灶房的烟囱先醒了。一股细白的烟从瓦缝里挤出来,在晨雾里扭了两下才散开。

铁蛋蹲在鹅栏边,把剁碎的草料一把把撒进去。鹅群扑棱着翅膀争抢,嘎嘎的叫声撕破了庄子清晨的最后一点安静。

一只肥壮的公鹅叼住最大的一把草料,甩着脑袋往后拽,却被另一只从侧面偷袭,照着脖子狠啄了一口。

它松开草料转身就追,追出两步又折回来继续叼,喉咙里咕咕哝哝,像是在骂街。

铁蛋咧嘴笑了一下。庄上的日子,大多是这般光景。

每日,晨光微凉,鹅在吵,鸡在叫,灶房的蒸汽从门缝里往外冒,带着一股子粗粮和烟火混在一起的踏实气味。
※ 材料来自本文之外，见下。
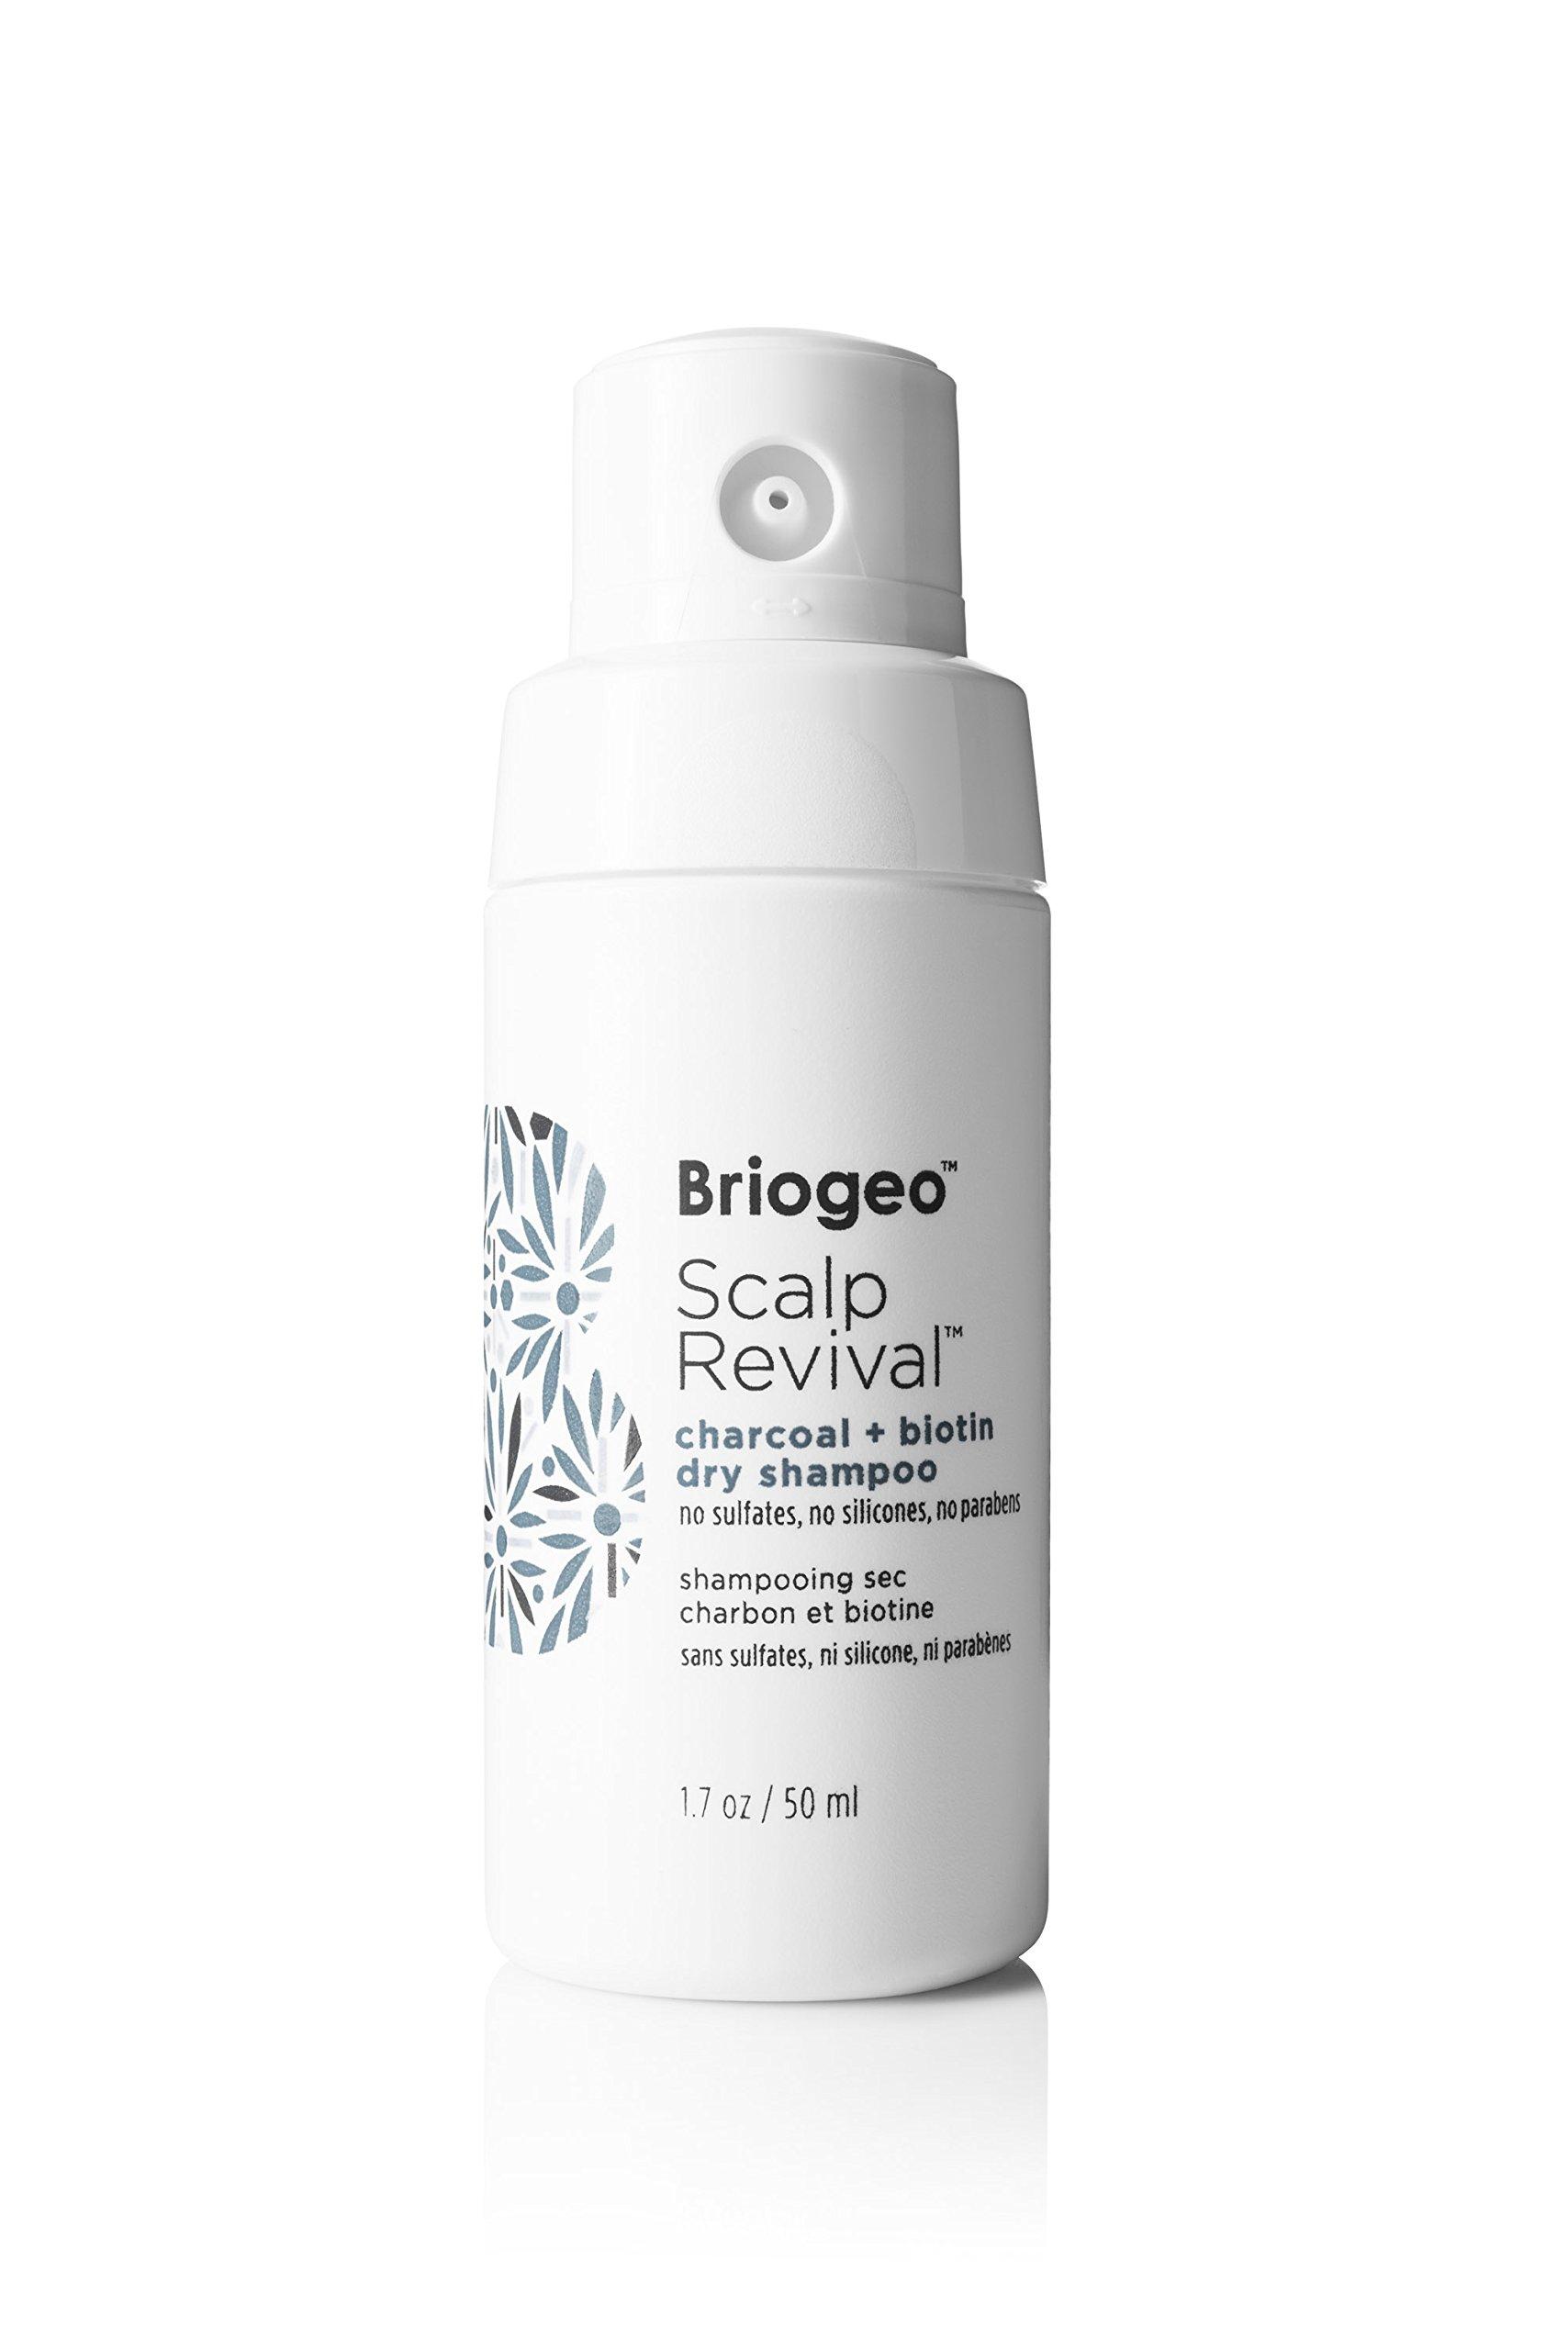 Briogeo Scalp Revival Charcoal Biotin Dry Shampoo,1.7 Ounces

历经颠沛流离,才知平静之珍贵。遭遇人情冷暖,才懂人间烟火之气。

想到家母早亡,父亲养育兄妹三人。没享尽一日之福,因病早逝。

幸得庄主仁慈,得以有幸拜之门下,享受这来之不易的平静烟火之气。

可近段时日,风声不断,愈演愈烈,虽说年不过十四,但穷人的孩子早当家。

想要守护这来之不易的日子,必须苦练,也只能苦练。

练好了,庄上就多一个能打的人;能打的人多了,别人就不敢轻易动手。

他的笑,没在脸上挂住。拍了拍手上的草屑,往后院走去。

练武场上,大郎已经在站桩了。比往常早了至少一刻钟。

桩已经站了小半炷香,额角沁出的细汗在晨光里泛着一层薄光,呼吸却纹丝不乱。

周山蹲在沙坑边上,手里捏着一根细树枝,在地上划拉着。

铁蛋走近了才看清——不是在排今天的练功顺序,是在画一个字。字形很大,一笔一划嵌在沙子里。

是个“等”字。

笔画比平时重了一倍不止,最后那一钩深深划进沙里,几乎戳到了底下的硬土。

铁蛋心里咯噔了一下。他伺候这位教练一个多月了,知道周山的脾气:越是面上平静,底下那根弦就绷得越紧。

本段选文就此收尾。